All going to plan, Eskom intended handing over Medupi to its generation division, headed by newly appointed divisional MD Bheki Nxumalo, by the end of the financial year.
Similar modifications will also be implemented across the Kusile units.
Oberholzer also confirmed that the Eskom board had been briefed in April on a proposal to explore alternatives to the installation of flue-gas desulphurisation (FGD) units at Medupi, a requirement of the 2010 World Bank loan of $3.75-billion.
He said that retrofitting the units with FGD would involve capital expenditure of more than R35-billion, which would be difficult in light of Eskom’s financial constraints.
It would also make the power station far more water intensive and reduce its overall nameplate capacity by 90 MW.
The request was for the board to provide the executives with six to nine months to assess alternatives that nevertheless honoured Eskom’s air-quality commitments to its financing partners, including the World Bank.

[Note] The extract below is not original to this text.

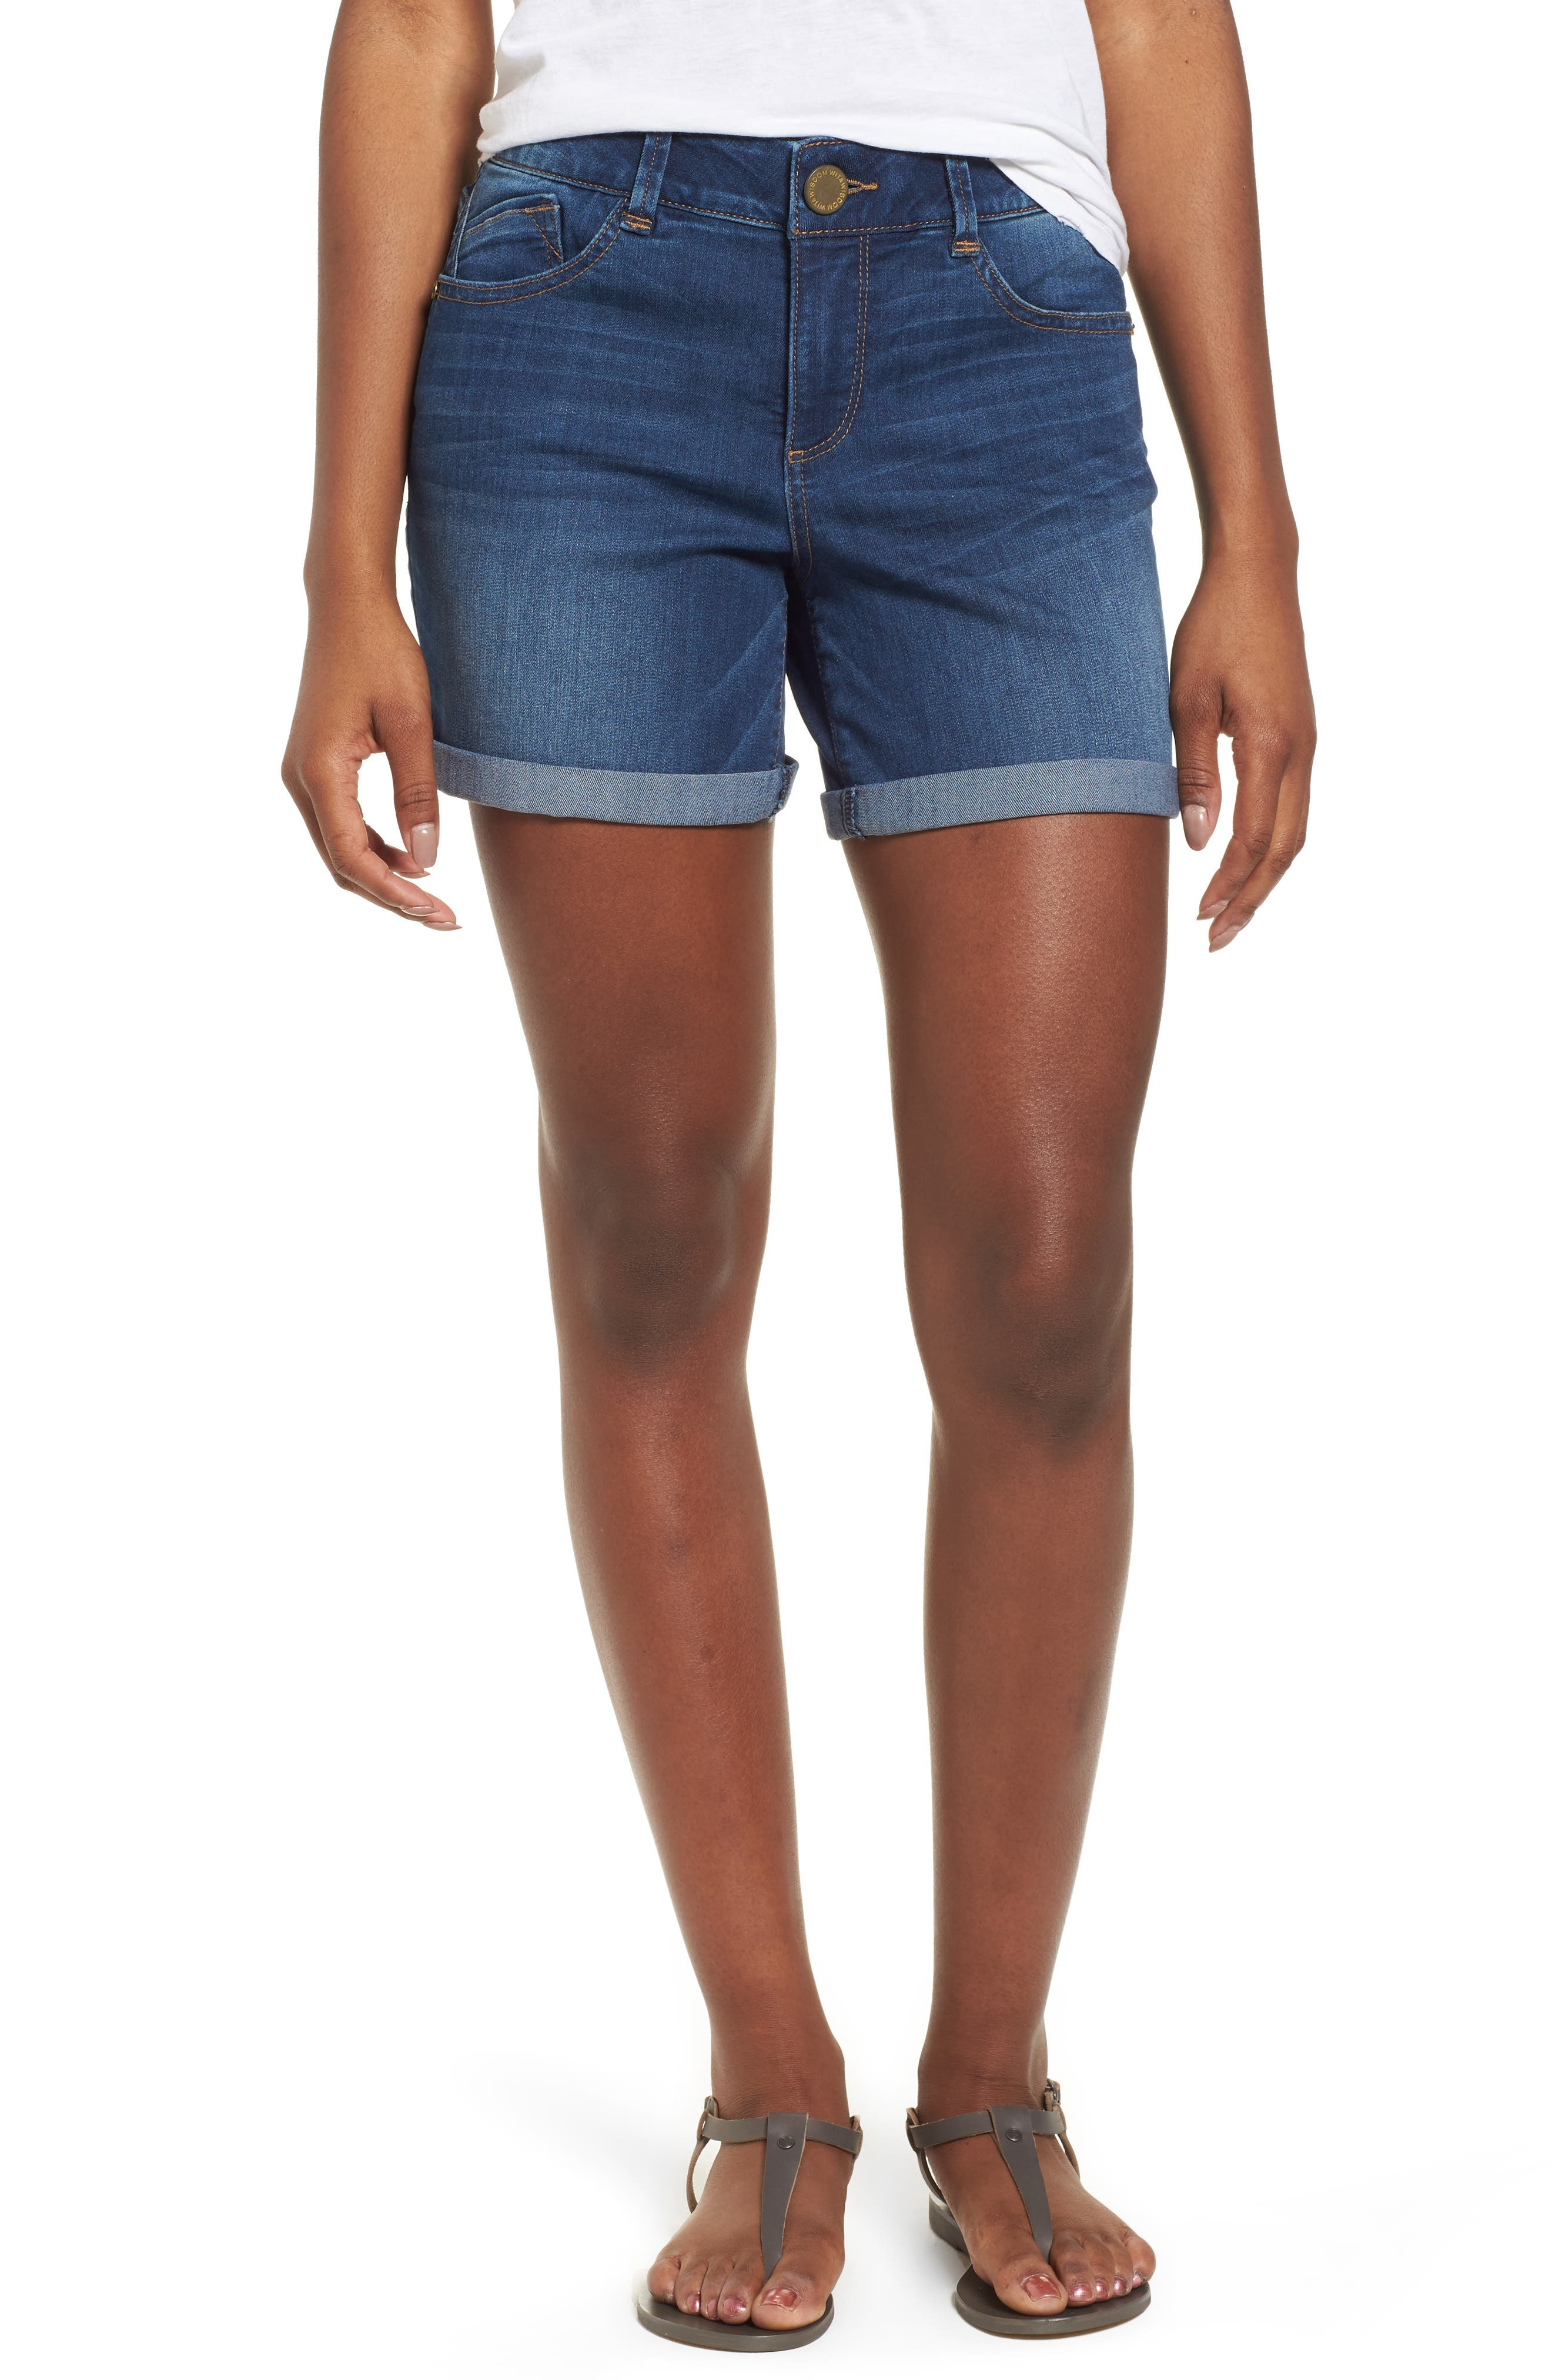 WIT & WISDOM, Ab-solution Cuffed Denim Shorts, Main thumbnail 1, color, BLUE

“So at this point in time, we are engaging all the various stakeholders to discuss the FGD matter.”
CEO Andre de Ruyter added that Eskom had a “good, open and constructive” relationship with the Wold Bank and revealed that he would be meeting with senior bank officials again in late May.
“We are continuously clarifying, exploring and making sure that we remain aligned and committed on the various terms of the agreements that we have entered into,” De Ruyter said.